We support both push and pull models (it seems both RabbitMQ and Kafka support both). Our implementation is actually more like Kafka (for example, it supports replay), but implementing RabbitMQ's routing isn't very complicated either. However, I'm concerned about the Kafka protocol, as it seems to have been revised many times historically, which could lead to client compatibility issues. My users typically want to decouple processing logic (not for large-scale data scenarios like logging, more like RabbitMQ use cases), so I'm quite conflicted.
- sc68cal a year ago
  
  So, as another commenter asked, why would someone use your solution instead of Kafka or RabbitMQ directly?
  It's not clear to me what usecase you are trying to fulfill.
  Like, at least for me, I reach for RabbitMQ when I am doing RPC or want reliable delivery of messages between systems.
  I have a lot more experience with RabbitMQ for that usecase.
  With Kafka, my experience with it is mostly the classic log processing usecase where we are processing syslog messages with Kafka and then Vector to process the syslog messages and transform them.

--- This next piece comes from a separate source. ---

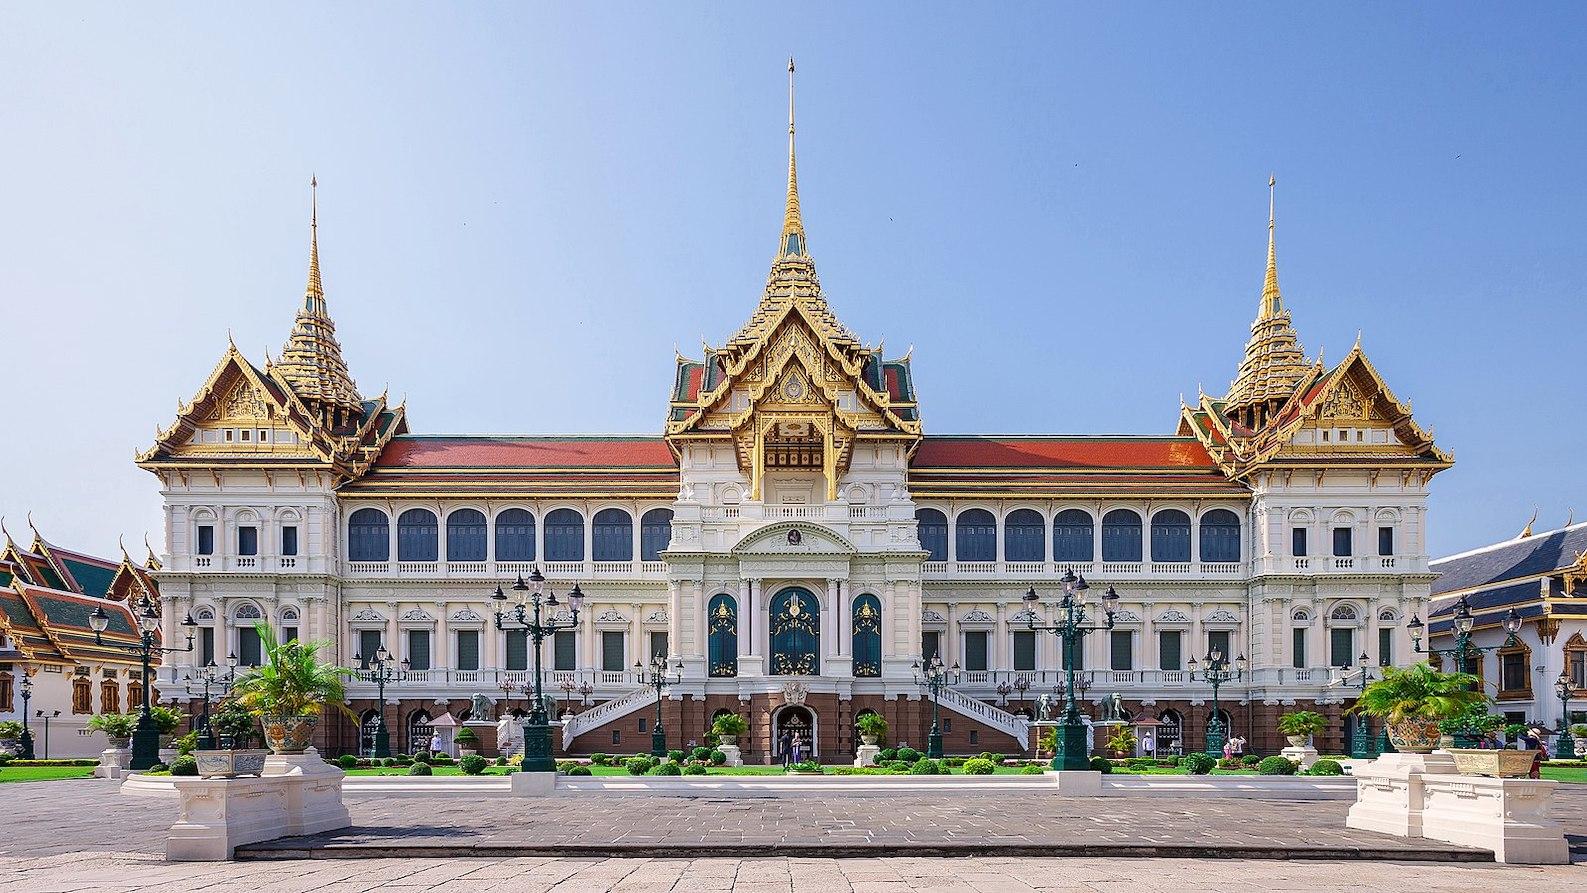 Phra Thinang Chakri Maha Prasat Grand Palace Bangkok.

  Like, you COULD use RabbitMQ to do log processing and COULD use Kafka to do RPC and reliable message delivery, but each seems to have a more comfortable fit doing the jobs I described and you don't spend a lot of time forcing them to go in ways that thet don't easily go.

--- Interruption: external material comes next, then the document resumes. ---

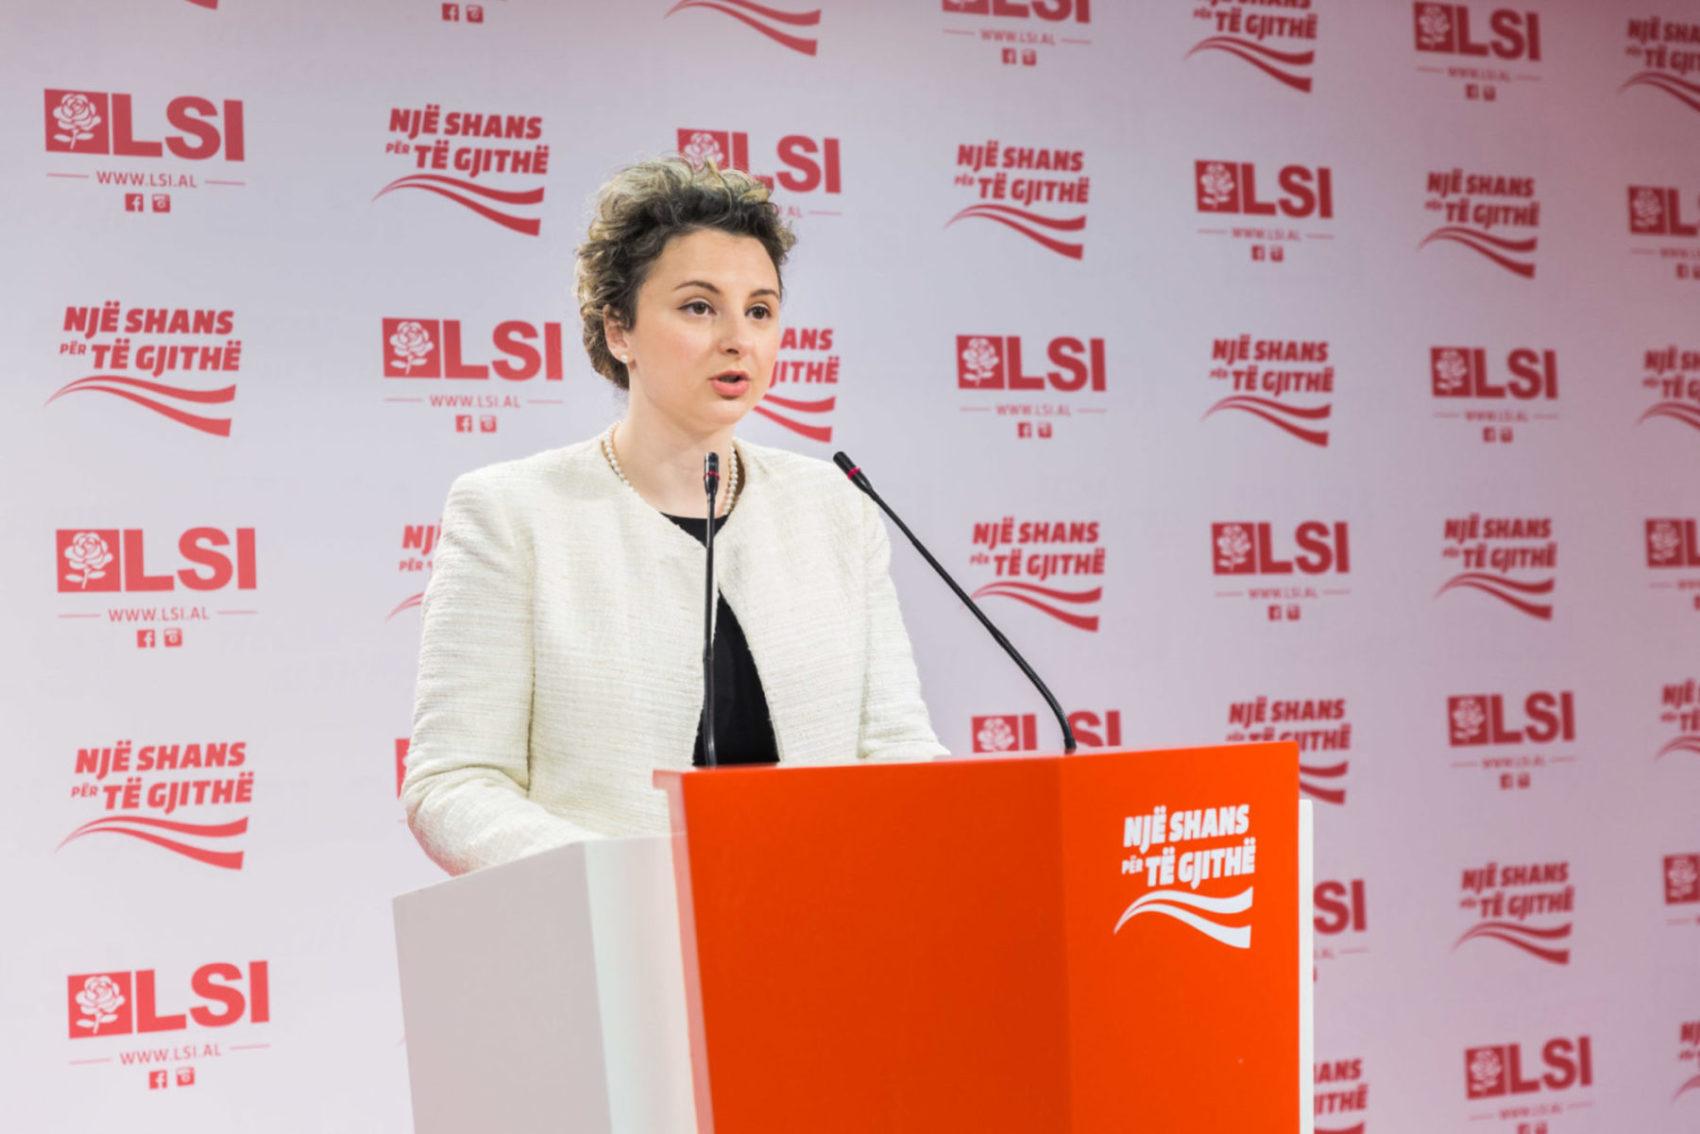 109 milionë euro për Bechetin, Erisa Xhixho: Krim shtetëror, SPAK të veprojë, koha nuk pret

  So again, what is your system trying to accomplish, and what protocol matches what you are trying to do more?
  I've seen a couple of your comments and it seems like you are trying to be both?
  
  aljun_invictus a year ago
  
  We have currently implemented both push and pull models, along with disk storage, and we provide services internally through gRPC. Our goal now is to offer these services externally. However, one downside of message queues is the fragmentation of protocols, which results in high migration costs for users. My motivation is quite simple: to leverage existing ecosystems while providing a better implementation for users and reducing migration costs (similar to how Redpanda partially implements the Kafka protocol). Currently, our implementation is in C++ and Rust, but the protocol layer can be in other languages. We have an advantage in throughput and have also implemented features like priority queues that Kafka doesn't have.
  The AMQP protocol is quite complete (and allows for some customization), but I am not very familiar with the details of the Kafka protocol. I've heard it changes frequently, and I'm concerned that this might affect the implementation.
  
  sc68cal a year ago
  
  > However, one downside of message queues is the fragmentation of protocols, which results in high migration costs for users.
  So, I have a little bit of experience with this, because of some work using Celery which abstracted out the message queue protocol, as well as Redis' pub/sub and AMQP directly when I did some work on Ansible EDA.
  Honestly the code for consuming from these message systems was an incredibly small percentage of the code, due to the plethora of existing libraries for those protocols. Like, they were almost one-liners to block and consume from the queue.
  The majority of the code was handling the actual message contents and acting upon them.
  So, I don't think your statement is accurate.
  This may be something to consider, because if you are doing the AMQP or Kafka protocol just to be compatible, it may not actually be worth it, and instead it may be worth just providing a protocol that actually maps to what your system does.
  
  aljun_invictus a year ago
  
  You're right, there are many trade-offs involved. I'm considering this as well, but it's best to use a widely adopted ecosystem for external use.